1. A search and rescue system, comprising: a first set of decals, one of the decals placed upon a dwelling, the decal indicating the occupied state of the dwelling; and a second set of decals indicating the current search state of the dwelling.

2. The system as claimed in claim 1 wherein the first set of decals is used by the resident of the dwelling.

3. The system as claimed in claim 1 wherein the second set of decals is used by search and rescue workers.

4. The system as claimed in claim 1 wherein the first set of decals includes an occupied decal.

5. The system as claimed in claim 4 wherein the occupied decal includes informative information regarding the occupied state of the dwelling.

6. The system as claimed in claim 1 wherein the first set of decals includes a vacant decal.

7. The system as claimed in claim 1 wherein the second set of decals includes a search complete decal.

8. The system as claimed in claim 7 wherein the search complete decal includes information placed by the rescue worker indicating details on the search.

9. The system as claimed in claim 1 wherein the first set of decals includes instructional information.

10. The system as claimed in claim 1 wherein the first and second sets of decals are color coded.

11. The system as claimed in claim 1 wherein the first and second sets of decals are reflective.

12. A method for search and rescue, comprising: placing upon a dwelling a first decal that indicates whether the dwelling is occupied; and placing upon a dwelling a second decal that indicates the dwelling has been searched.

13. The method as claimed in claim 12 wherein the first decal is an occupied decal.

14. The method as claimed in claim 13 wherein the occupied decal includes information regarding the number of occupants in the dwelling.

15. The method as claimed in claim 12 wherein the first decal is a vacant decal.

16. The method as claimed in claim 12 wherein the first decal is placed by the resident of the dwelling.

17. The method as claimed in claim 12 wherein the second decal is a search complete decal.

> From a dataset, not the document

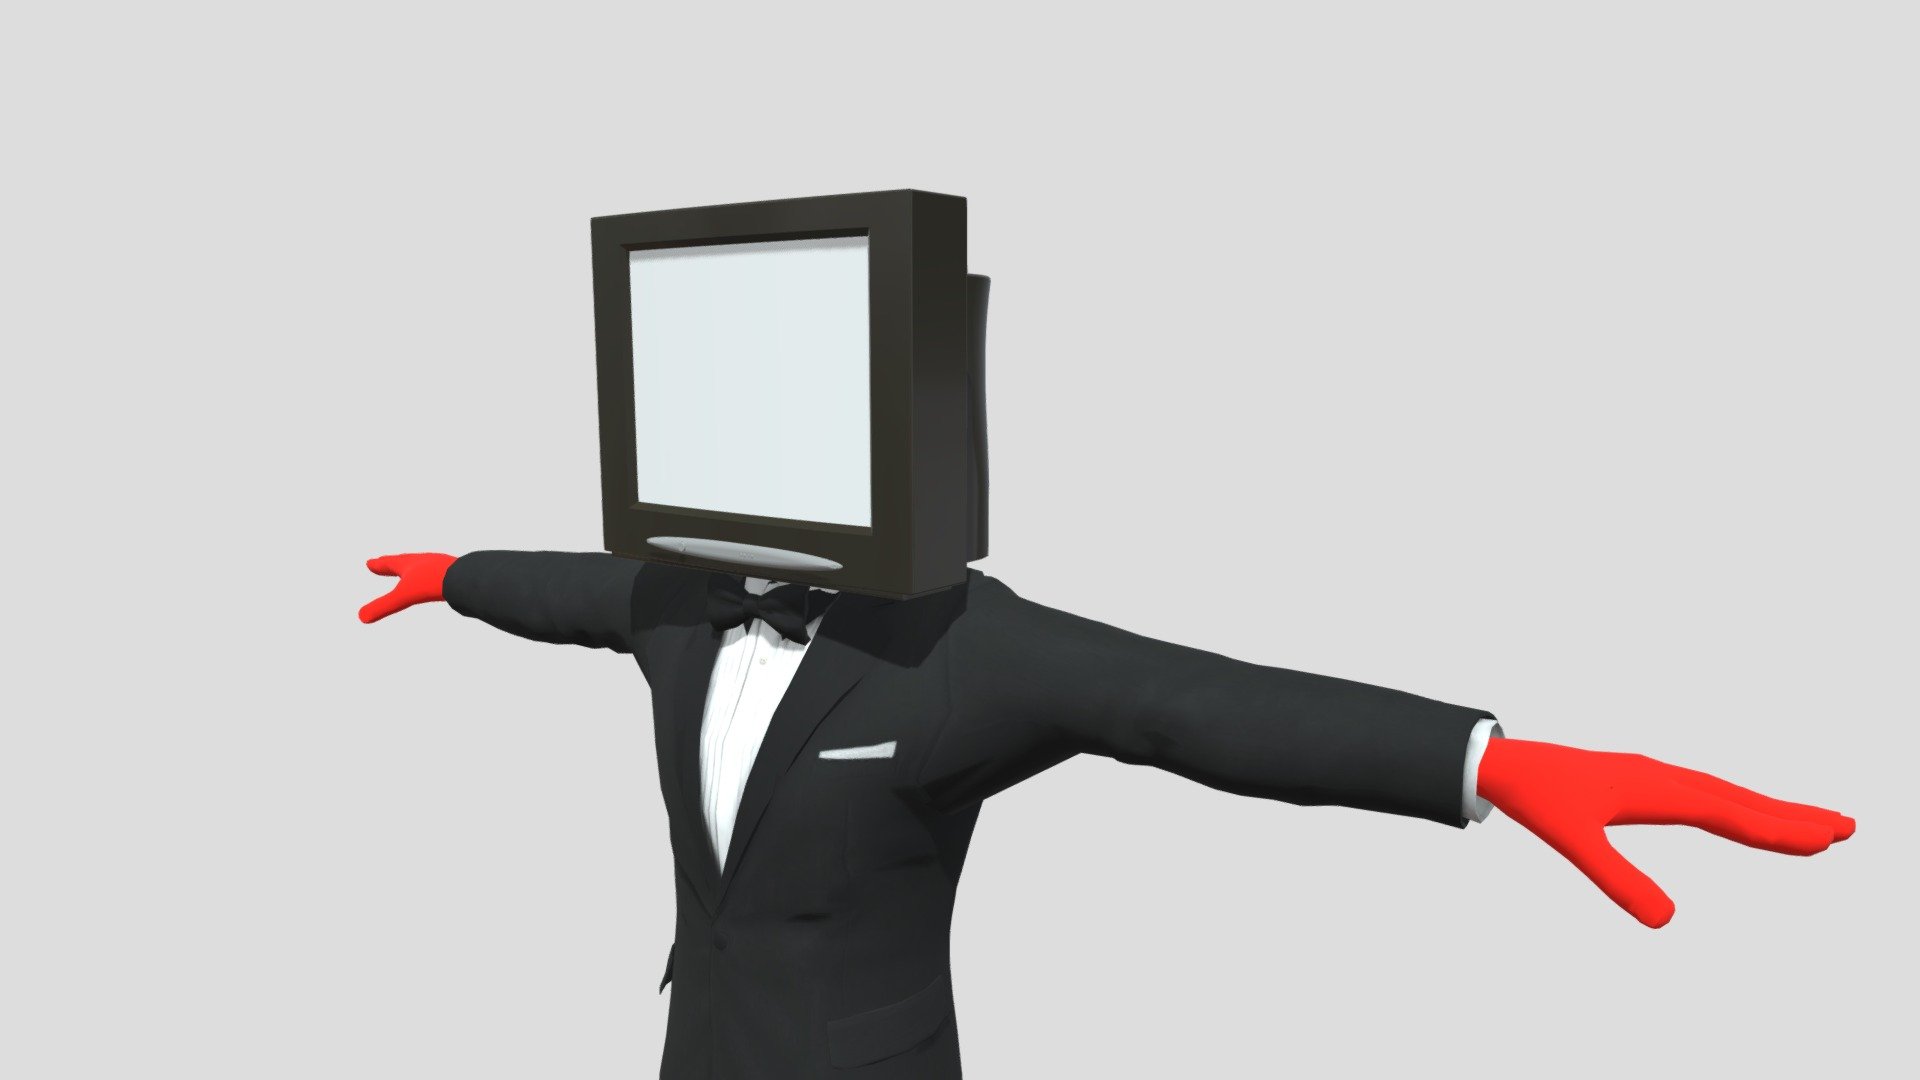 You can see what TV Man looks like with animation on my YouTube channel. https://www.youtube.com/@GipsoCartoon

!!! If you use my models in your videos, write a link to my account in the description 3d model

18. The method as claimed in claim 12 wherein the second decal is placed by a rescue worker.

19. The method as claimed in claim 12 wherein the decals are color coded.

20. The method as claimed in claim 19 wherein the color codes include an indication for occupied, vacant and search complete.

Description:

Priority based on U.S. Provisional Patent Application Ser. No. 60/628,514, filed Nov. 16, 2004, and entitled, “Method and System for Searching For And Rescuing Occupants During Natural Disasters and Other Emergency Events” is claimed.

BACKGROUND

I. Field of the Invention

The present invention relates generally to the field of search and rescue, and more particularly, to a method and system for searching for and rescuing occupants of dwellings during natural disasters and other emergency events.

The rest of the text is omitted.